For much of her operational career, Kamehameha was based in Rota, Spain.

==Conversion to attack submarine==
In September 1992 through July 1993, at Mare Island Naval Shipyard in Vallejo, California, Kamehameha was converted to a Dry Deck Shelter/swimmer delivery platform, reclassified as an attack submarine, and given hull number SSN-642; her ballistic missile capability was removed, and she carried only torpedoes as armament. After her conversion, there was only one crew, and her subsequent missions included SEAL special warfare operations. Following conversion, Kamehameha transferred to Pearl Harbor, Hawaii, for the remainder of her operational career.

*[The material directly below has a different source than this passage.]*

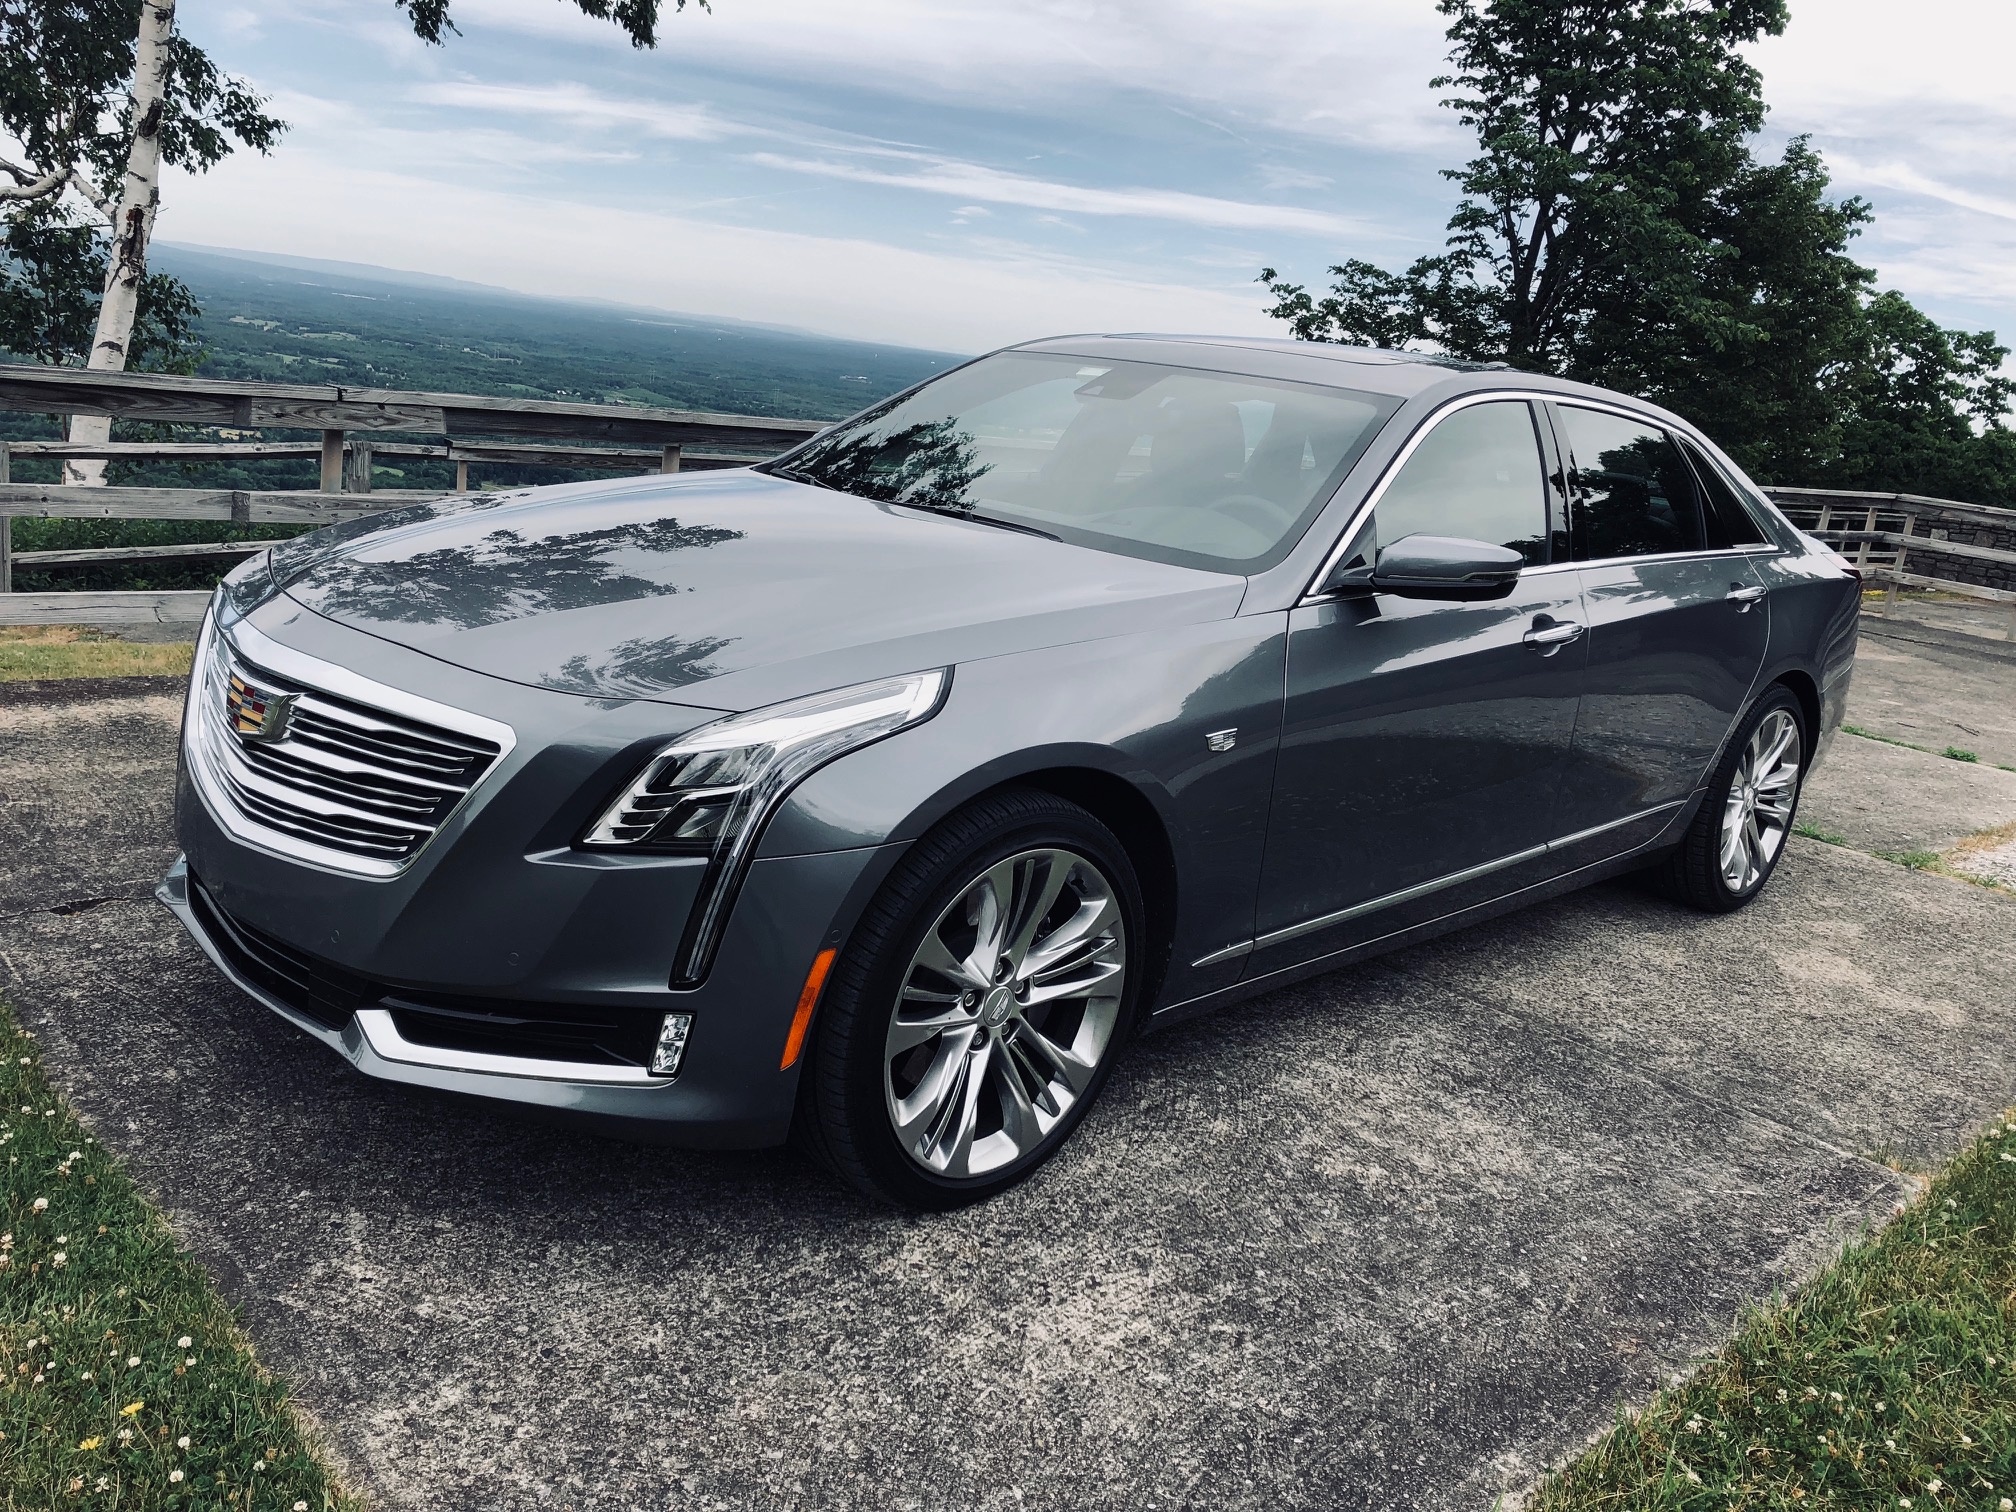 Cadillac CT6 2018 Video Review By Auto Critic Steve Hammes

==Decommissioning and disposal==
Kamehameha was decommissioned on 2 April 2002 and stricken from the Naval Vessel Register the same day. She was the last of the original 41 for Freedom fleet ballistic missile submarines in service, and the oldest submarine in the United States Navy at the time of her decommissioning. The wardroom of the oldest submarine in the fleet carried Richard O'Kane's personal cribbage board, and upon Kamehamehas decommissioning the board was transferred to the next oldest boat, . Upon her decommissioning, Kamehameha had been the longest serving nuclear-powered submarine in history, with a total service period exceeding 37 years. This was exceeded by the in July 2018, prior to her own decommissioning on 18 May 2021.

Kamehamehas scrapping via the Nuclear-Powered Ship and Submarine Recycling Program at Bremerton, Washington, began in October 2002 and was completed on 28 February 2003.

==Commemoration==
Kamehamehas commissioning gifts from the State of Hawaii, including her bust of King Kamehameha I, an Acacia koa wooden plate used for eating, bow and spear, and the wardroom monkeypod wood table, are on display at Pearl Harbor, Hawaii, at the Pacific Fleet Submarine Museum. Her periscopes have been donated to Deterrent Park on Submarine Base Bangor, Washington, to become part of the exhibit.